The kesi technique is a particularly intricate way of introducing pattern within the weave of the fabric: the various colors are woven on separate bobbins creating the 'cut' effect at the boundaries between the colors, hence the name kesi or 'cut silk'. The technique is extremely time-consuming and skilled, achieving a reverse that is often as well-presented as the front of the fabric.

Literature comparison:
Compare a closely related kesi silk midnight-blue-ground robe, 186.5 cm wide, dated to the mid-19th century, in the Minneapolis Institute of Art, accession number 42.8.88, illustrated in Robert D. Jacobsen, Imperial Silks: Ch'ing Dynasty Textiles in The Minneapolis Institute of Arts, 2000, vol. 1, p. 269. Compare also a related kesi silk medallion robe, 141 cm long, dated to the 19th century, Minneapolis Institute of Art, accession number 42.8.91.

Auction result comparison:
Type: Closely related
Auction: Bonhams London, 2 November 2021, lot 278
Price: GBP 10,837.50 or approx. EUR 15,000 converted and adjusted for inflation at the time of writing
Description: A rare midnight-blue-ground silk embroidered 'butterfly and double-gourd' informal surcoat, changpao, early 19th century
Expert remark: Compare the closely related roundel decoration and midnight-blue ground. Note the embroidery technique, while the present lot is woven in kesi, and the smaller size (141 cm).



十九世紀中期石青地貴婦緙絲團花棉褂
長褂為石青色,圓領對襟,平口袖,後開裾。以圓緙織八團花,周圍用五彩絲線織流雲海水點綴,下擺織壽山福海及雜寶紋樣。鎏金扣。

專家注釋為清代最尊貴的女性製作的長褂,下擺處飾有精緻的麗水紋,上面有八個團花裝飾,如本拍品所示。 參見 V. Garrett,《Dragon Robes》,牛津,1998 年,第 35 頁,以及 J. Vollmer,《Imperial Silks: Ch'ing Dynasty Textiles from the Minneapolis Institute of Arts》,2000 年,第 54 頁。

來源:美國一位中國長袍鑑賞家和收藏家的私人收藏。
品相:狀況良好,只有輕微磨損、微小裂痕,小修,輕微污漬。

尺寸:長147 厘米, 寬178 厘米 (兩袖之間)

帶有圓形裝飾的服裝最初用於正式場合。這種裝飾圖案可以追溯到唐代,可能受到西亞的影響; 見黃能馥、陳娟娟,《中華服飾藝術源流》,北京,1994年,第17頁。 209; 另見 J. Watt 和 A. Wardwell,《When Silk Was Gold:Central Asian and Chinese Textiles》,紐約,1998 年,第 21-29 頁。

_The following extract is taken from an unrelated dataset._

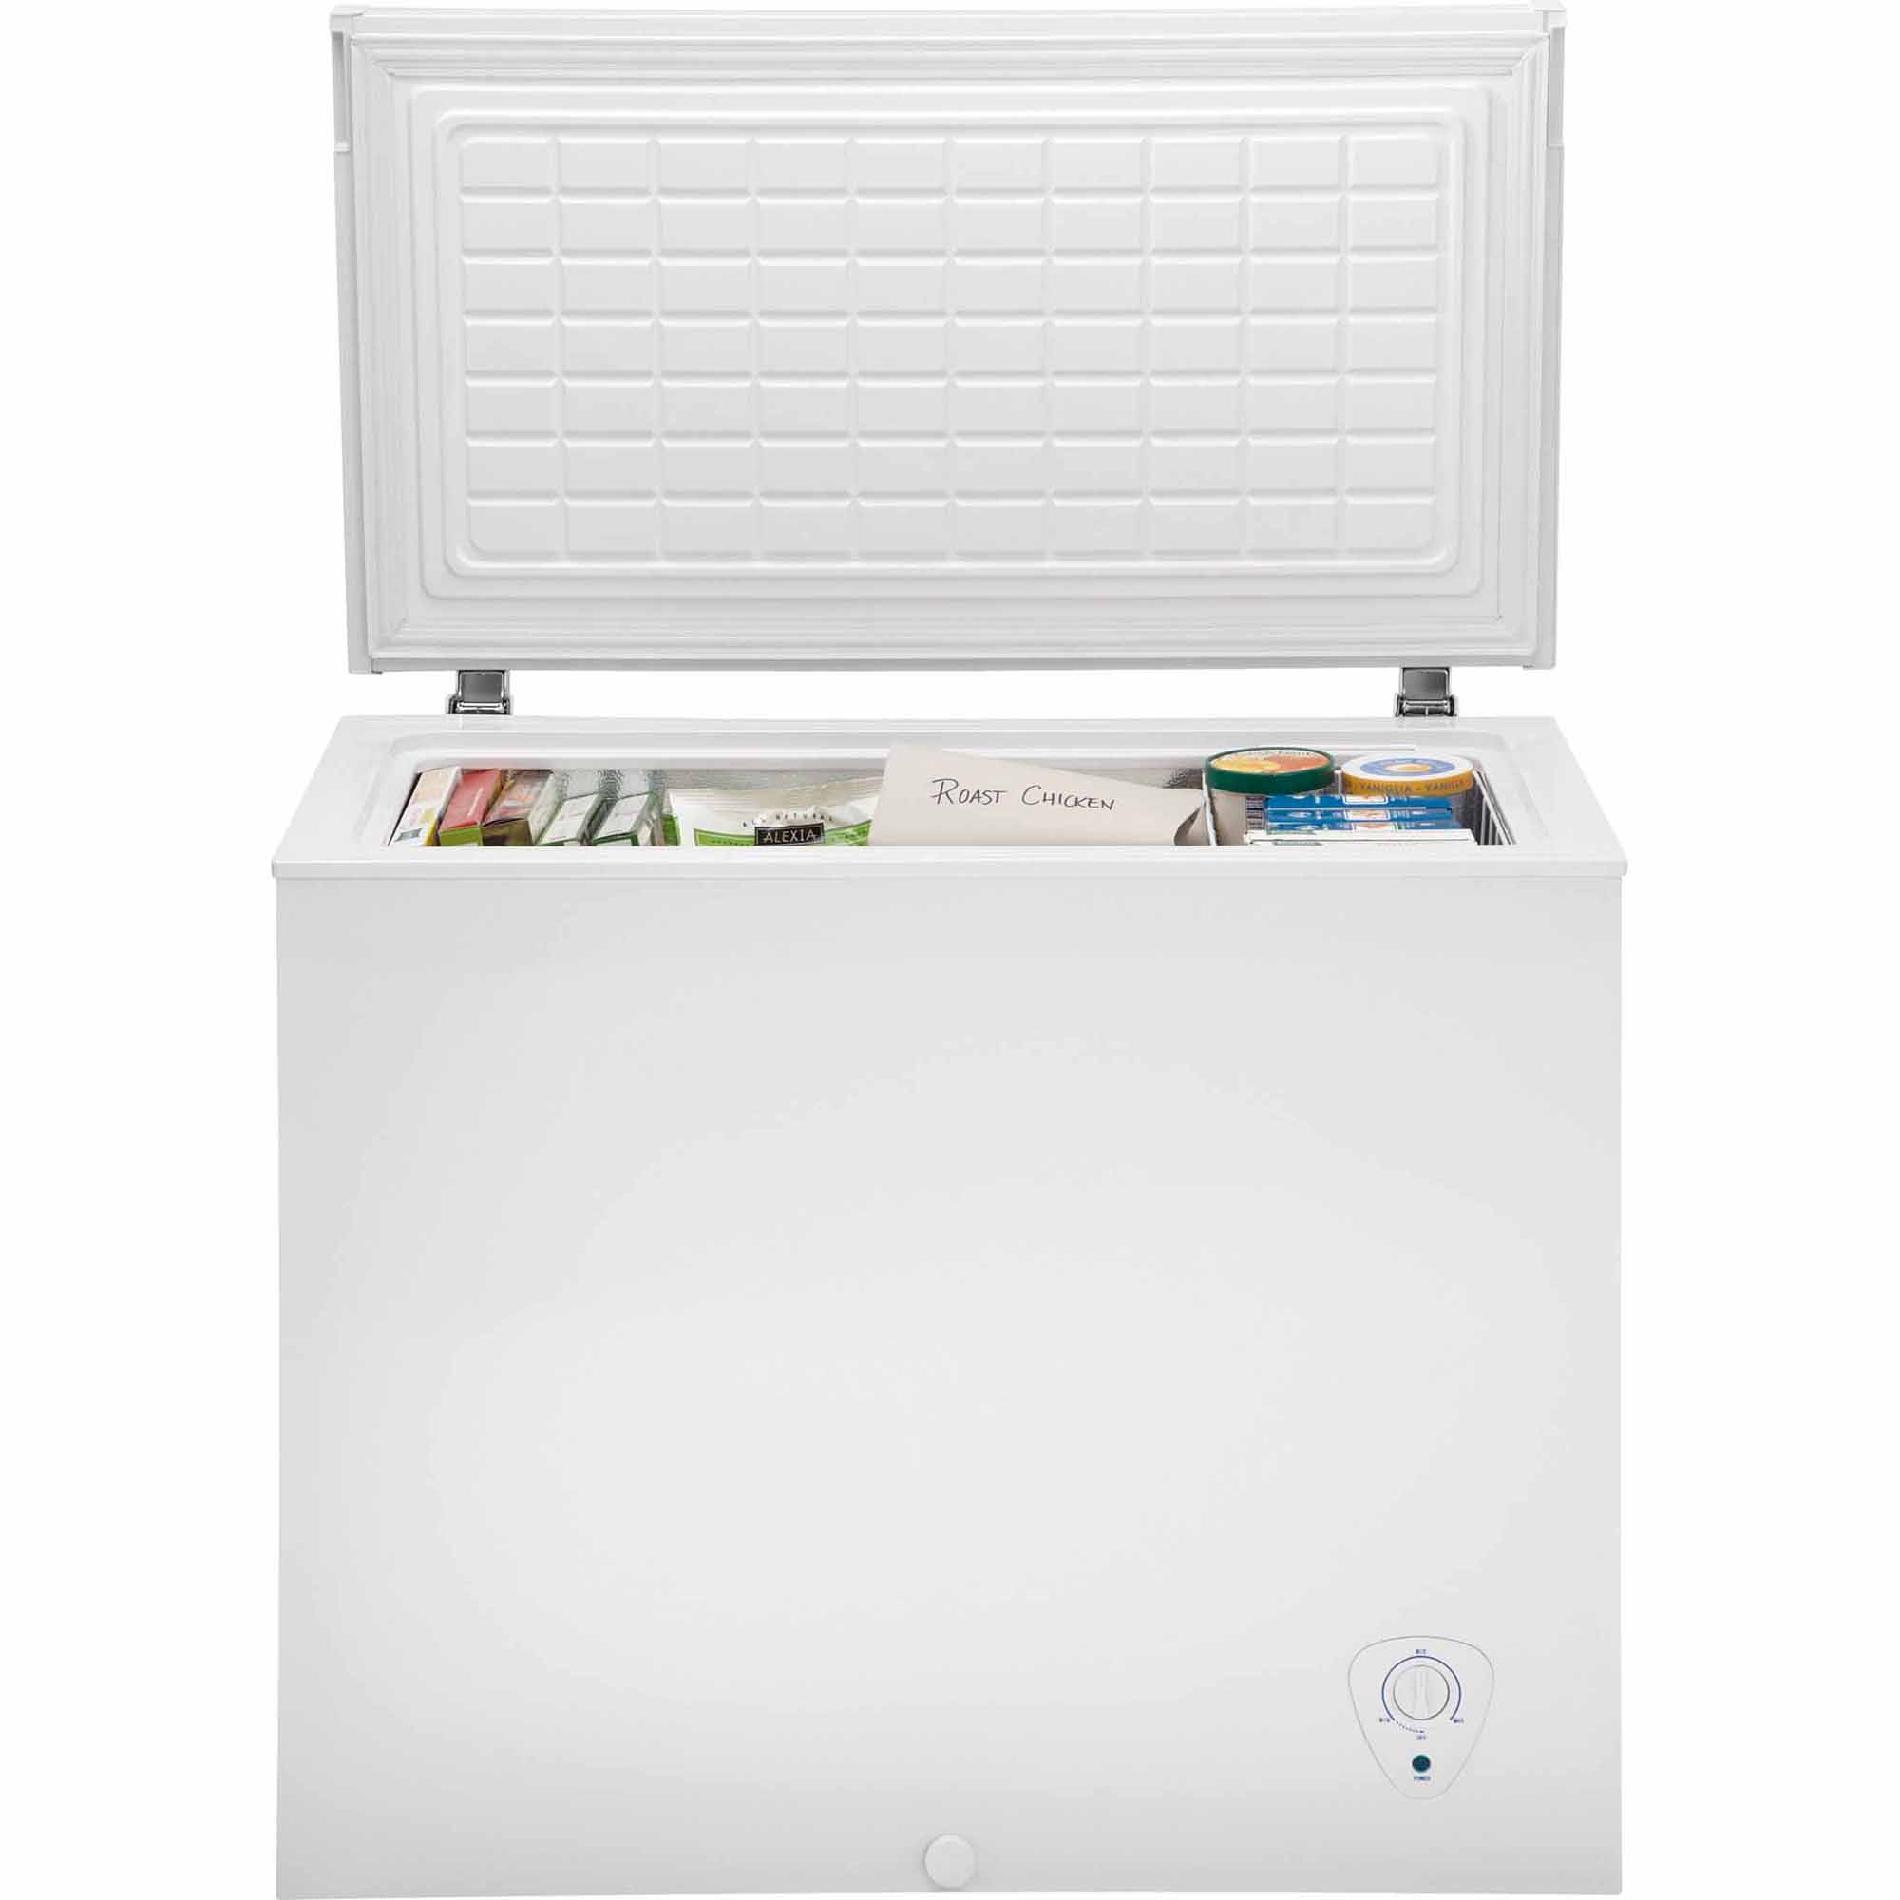 hight resolution of kenmore 12702 7 2 cu ft chest freezer whitekenmore freezer 8

飾有時令花卉、蝴蝶、仙鶴和其他吉祥圖案的團花紋體現了對好運、財富、幸福的祝愿,通常表明穿著外套的場合的非正式性質。 圓形圖案在明代在宮廷和非正式服裝中特別流行,清朝的滿族統治者似乎延續了這一傳統。 到了十八世紀,下擺獨特的波浪形邊框的正式設計似乎已成為受歡迎的風格。

緙絲是中國傳統的一種絲織品,其特色是以緙織方式織造,緯線並不橫貫全幅,而僅在需要處與經線交織,稱為「通經斷緯」法。其成品正反兩面如一,在不同色彩的輪廓之間並不相連,憑空背光觀察可見點點孔隙,有如以刀鏤刻而成。

文獻比較:
比較一件非常相近的十九世紀中期暗藍色緙絲長袍,寬186.5 釐米,收藏於明尼亞波利斯藝術博物館,館藏編號42.8.88,見Robert D. Jacobsen,《Imperial Silks: Ch'ing Dynasty Textiles in The Minneapolis Institute of Arts》,2000年,卷一,頁269。比較一件相近的十九世紀緙絲徽章朝袍,長141 釐米,收藏於明尼亞波利斯藝術博物館,館藏編號42.8.91。

拍賣結果比較:
形制:非常相近
拍賣:倫敦邦瀚斯,2021年11月2日,lot 278
價格:GBP 10,837.50(相當於今日EUR 15,000
描述:十九世紀早期石青緞繡瓜瓞綿綿紋袍
專家評論:比較非常相近的圓形裝飾和暗藍色地。請注意刺繡技巧、緙絲和尺寸較小 (141 釐米)。